A fast-growing startup hits a wall. Data pipelines break, dashboards lag, and the data science team waits hours to train models. Whether you’re running a lean team or managing millions in cloud spend, picking the right platform affects the entire business. And, the debate of Azure Databricks vs. Snowflake fits into that narrative.
For organizations running on Microsoft Azure, the decision often comes down to Azure Databricks vs Snowflake. Both platforms can run on Azure, but they approach data and AI differently. Azure Databricks is a Microsoft first-party service with native integrations across the Azure ecosystem. Snowflake is a multi-cloud platform available on Azure, AWS, and GCP, with its own set of Microsoft integrations.

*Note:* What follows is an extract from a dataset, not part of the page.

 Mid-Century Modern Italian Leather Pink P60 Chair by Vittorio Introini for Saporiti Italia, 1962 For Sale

Here’s the current state: Databricks crossed a $5.4 billion revenue run-rate in early 2026, growing over 65% year-over-year. The company is valued at $134 billion and serves more than 60% of the Fortune 500. In June 2025, Databricks and Microsoft extended their strategic partnership, deepening integrations between Azure Databricks, Azure AI Foundry, and Microsoft Power Platform.

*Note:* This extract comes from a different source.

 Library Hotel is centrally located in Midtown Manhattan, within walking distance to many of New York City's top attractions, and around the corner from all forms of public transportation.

Snowflake generated $3.5 billion in product revenue for fiscal year 2025 and has more than 11,000 customers. Snowflake has also expanded its Microsoft partnership, integrating OpenAI models via Azure AI Foundry and bringing Cortex Agents to Microsoft 365 Copilot and Teams.

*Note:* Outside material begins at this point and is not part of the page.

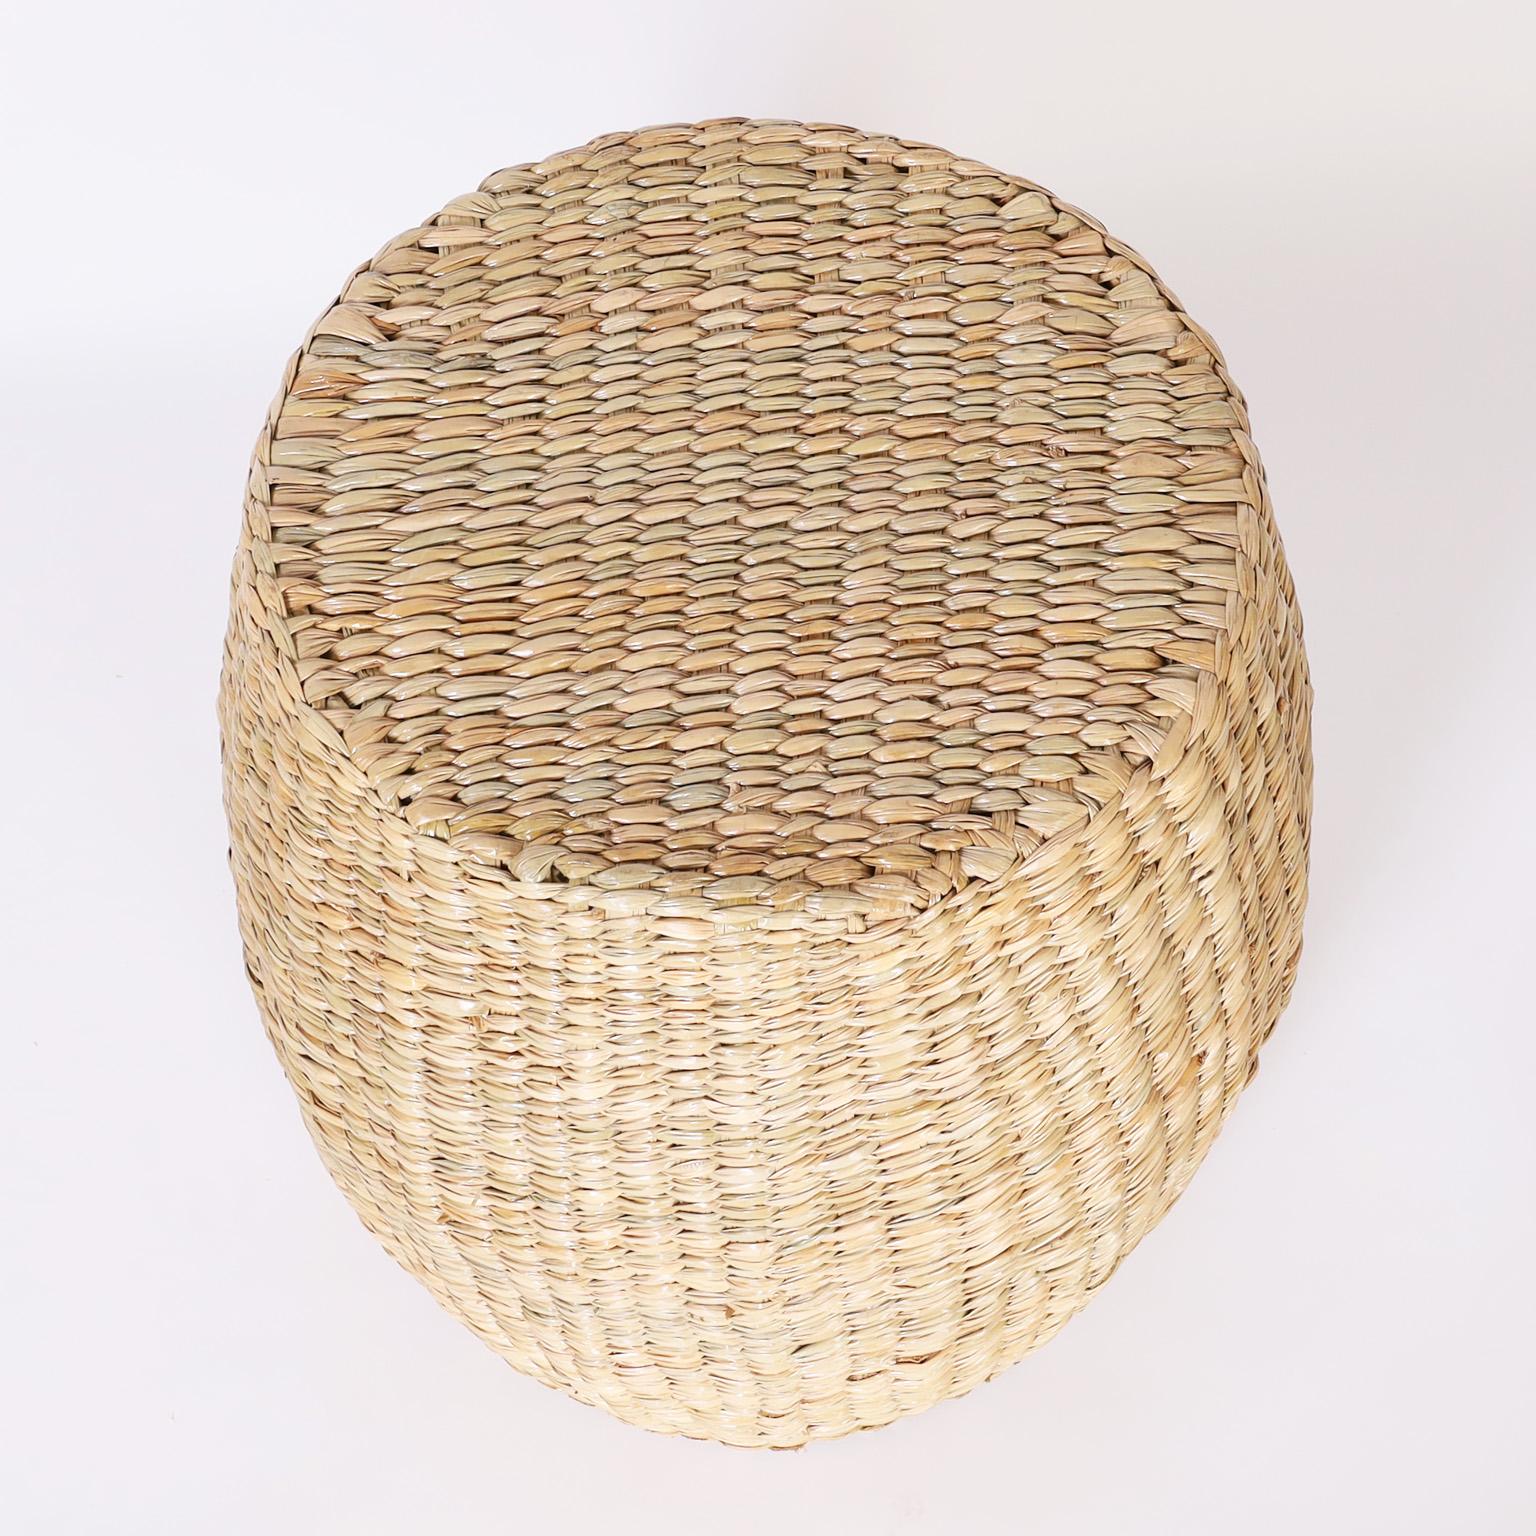 Mexican Pair of Wicker Chuspata Garden Seats from the FS Flores Collection

This post breaks down the key differences for organizations evaluating these platforms on Azure.
TL;DR
- Azure Databricks and Snowflake both run on Azure, but they serve different primary use cases.
- Azure Databricks is a Microsoft first-party service with deep Azure integration, built for data engineering, ML, and complex pipelines.
- Snowflake is a multi-cloud platform that also runs on Azure, optimized for SQL analytics and BI workloads.
- For organizations already invested in the Microsoft ecosystem, Azure Databricks often provides tighter integration—but the choice ultimately depends on your workloads.
What is Azure Databricks?
Azure Databricks is the Azure-hosted version of the Databricks Data Intelligence Platform. It’s a Microsoft first-party service, jointly developed by Microsoft and Databricks, meaning it’s billed through Azure, integrated with Azure identity and security, and receives Azure-specific features.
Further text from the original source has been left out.